Southwest Health CEO Dan Rohrbach and EMS administrator Brian Allen said rates would not increase with the upgrade in paramedic service because fees were assessed based on the medical services provided, not on the certification of the EMTs, even to paramedic level. 

“We’re committed to not increasing rates” for ambulance calls, he said. “We’re setting the fee. Everything above and beyond that is on us. It’s a risk for us, but that’s what we do’ we’re in health care.”

Basic EMS service calls cost $650 for district residents and $850 for non-residents. Another $100 is charged for advanced EMS calls, which total about 25 percent of Platteville EMS calls.

“You can look at that as Southwest Health is upgrading paramedic service on our dime,” said Rohrbach in May. “Basically we’re shouldering that paramedic increase,” with the municipalities paying for an EMS building and equipment over the term of the agreement. “Cost is always an issue; we’re very conscious at that.”

Southwest Health estimated in the contract that paramedic service would cost about $200,000 per year, including construction and ambulance replacement costs. The annual costs to the EMS district municipalities of up to $150,000 were reduced from initial projections of $200,000 to $250,000 per year when the subject first came up in 2013.

About half of Platteville EMS’ EMTs are now part of Southwest Health EMS, and half were not offered jobs in the new service, according to one EMT who was not offered a position.
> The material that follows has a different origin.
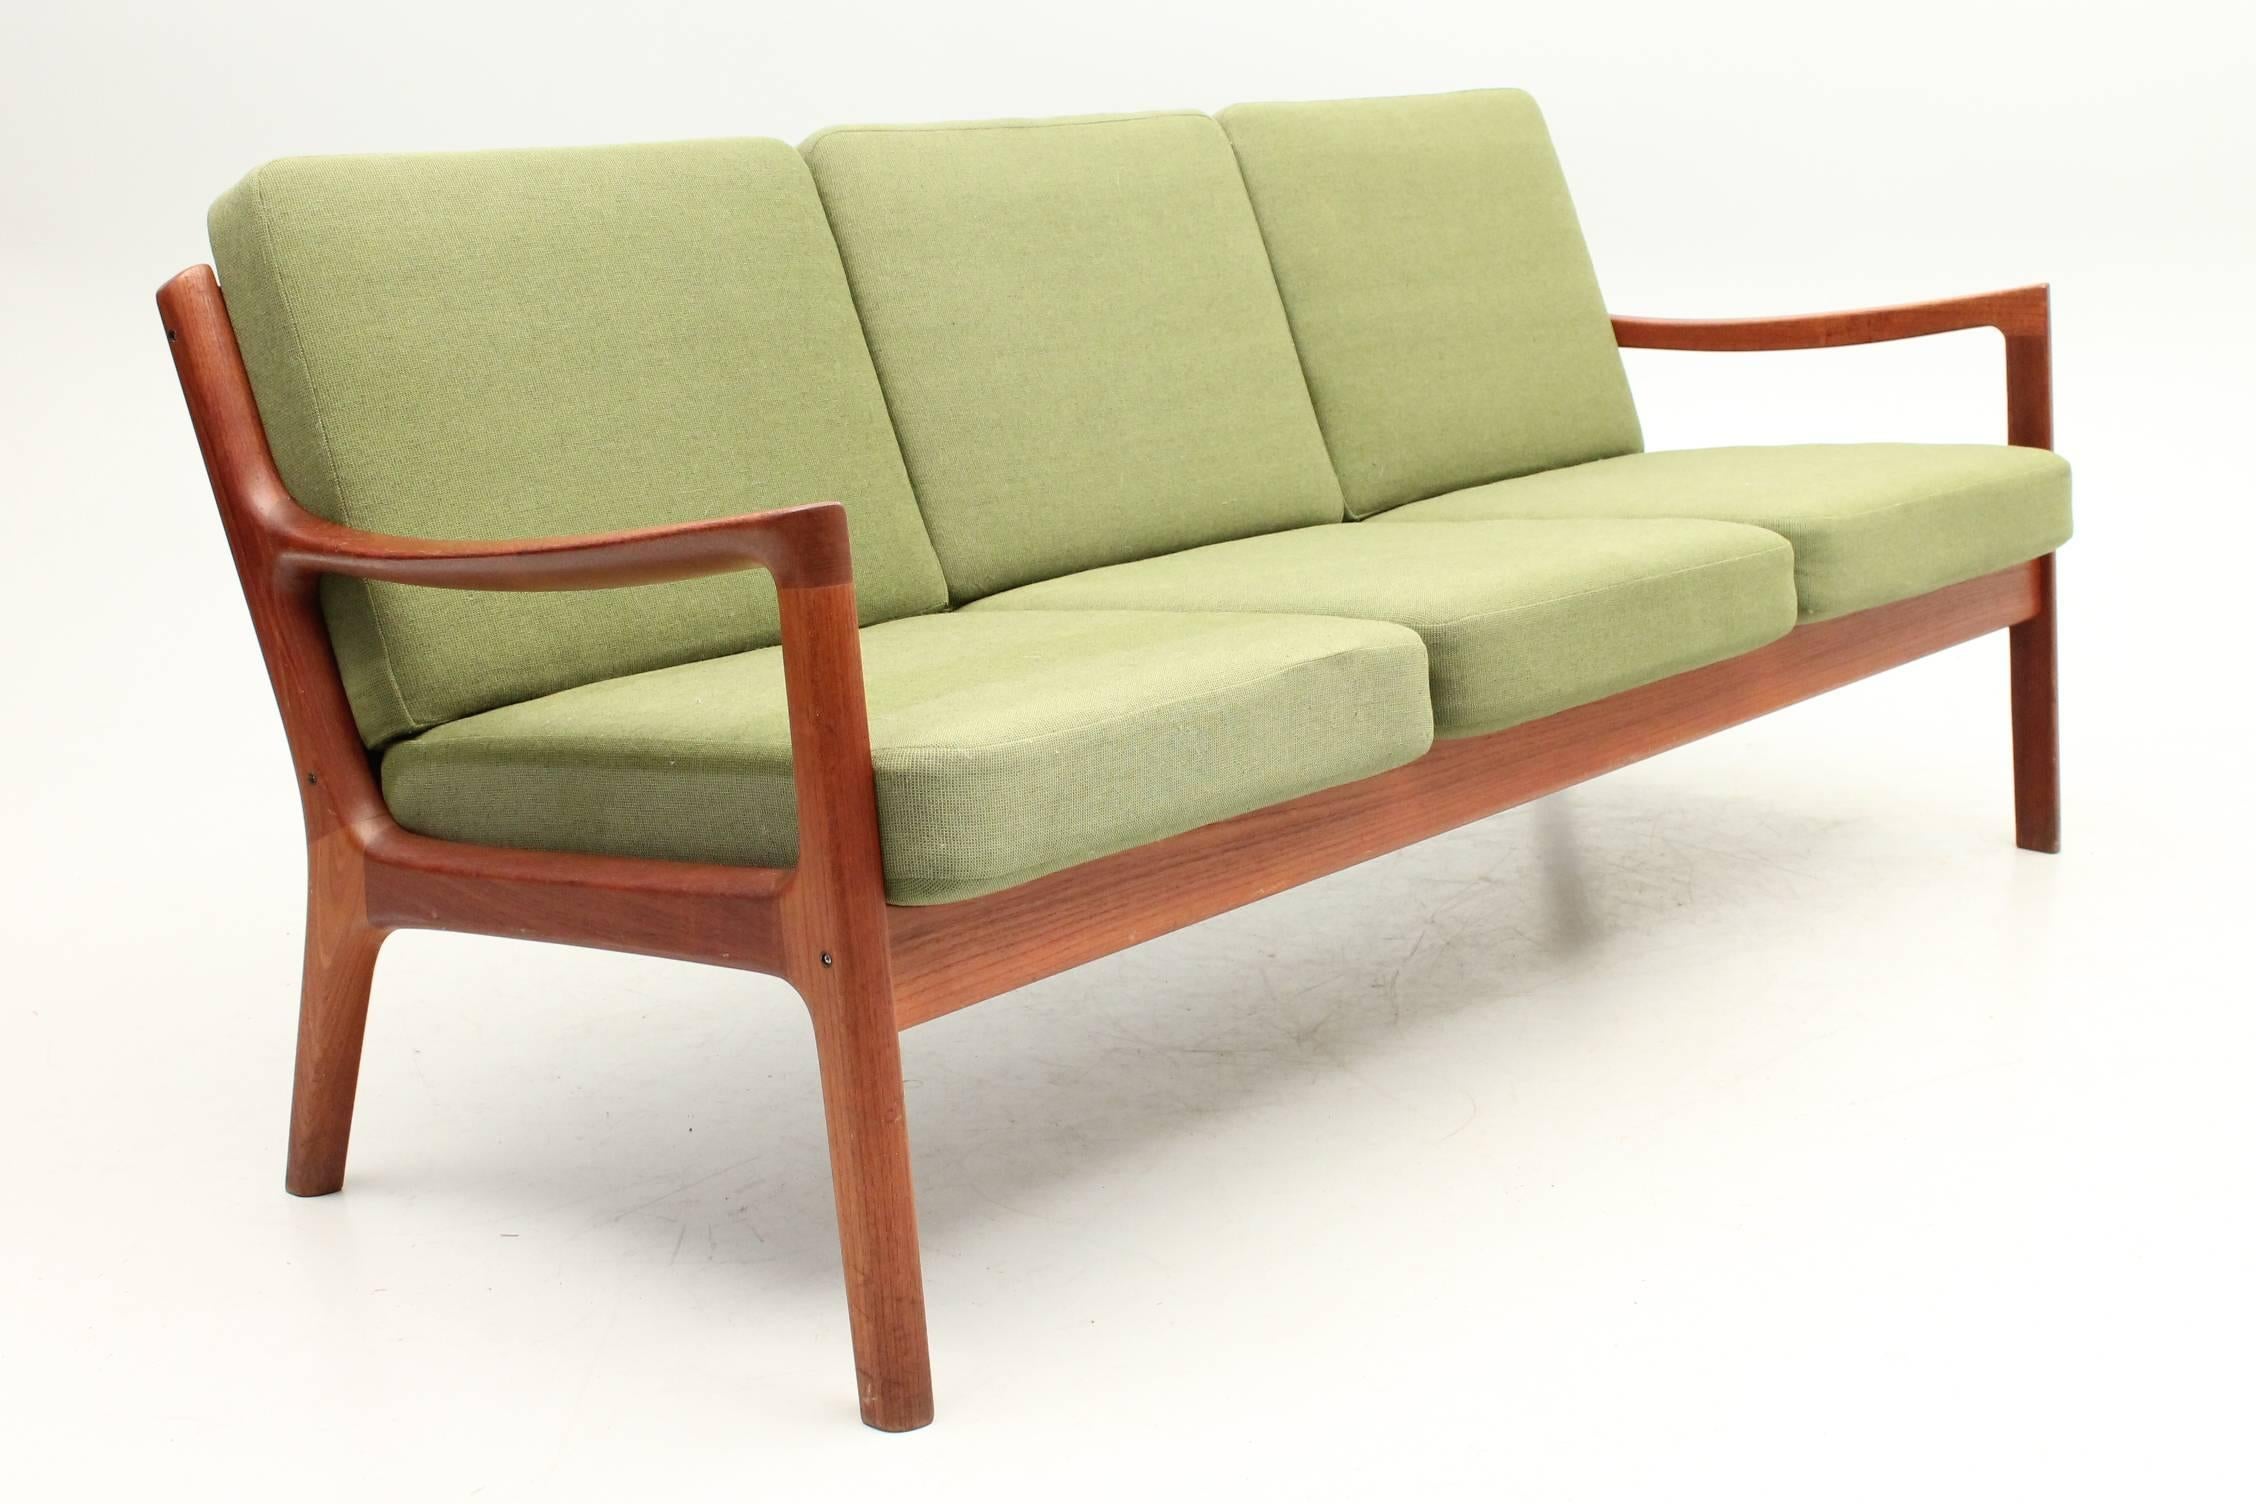 Gorgeous three-seat sofa and matching chair designed by Ole Wanscher for France and Son. The cushions are made out of green fabric that sit perfectly in the teak frame. This set is in excellent condition with very little signs of wear or use.

The EMT said former Platteville EMS EMTs were likely to apply at area EMS services, including Lancaster and Cuba City.

The Platteville Common Council dispersed funds from all but one of Platteville EMS’ funds with balances more than zero Sept. 22. Almost $29,000 from the Carmen and Eva Beining Trust is going to Southwest Health, as is about $6,500 from an account for EMS equipment and training regulated by state Act 102.

“The people who [were] giving this money worked very hard to earn this money,” said District 3 Ald. Barb Daus. “And when they talk about giving these gifts they talk about doing extraordinary things, not ordinary things.”

“I do think what we’re doing is extraordinary,” said at-large Ald. Amy Seeboth-Wilson, who voted, as did District 4 Ald. Ken Kilian, against giving the Beining Trust money to Southwest Health. “If a private entity from Dubuque had come in and taken over EMS, would we give them the Beining trust money?”

Kilian said the Beining money should go toward the first city payment to Southwest Health. 

A fund originally created for a new EMS building was given to the Platteville Fire Department for a new or renovated fire station. A fund created to purchase supplies for Automated External Defibrillators was assigned to the city Department of Public Works, which is maintaining AEDs in city buildings. 

The money in the largest fund, which had almost $180,000 for the purchase of a new ambulance, will be determined at a future EMS district meeting.

Platteville Area Ambulance Service began operation in the Municipal Building Aug. 1, 1984, a year after it was formed to take over EMS services from the Platteville Police Department, which started ambulance service at the end of 1966. Before that, the city’s three funeral homes also provided ambulance service. The city purchased an ambulance and equipment from Karrmann Funeral Home to start police ambulance service. The current ambulance garage at 330 W. Furnace St. was built in 1986.

Platteville police managed the ambulance service until 1994, when a part-time director was hired, though police still dispatch the ambulance. One year later, the city changed the ambulance service’s name to Platteville Emergency Medical Service.

Platteville EMS served about 17,000 people, with the City of Platteville totaling 77 percent of the EMS district and the Town of Platteville 10 percent. About 85 percent of Platteville EMS’ calls were within the city boundaries.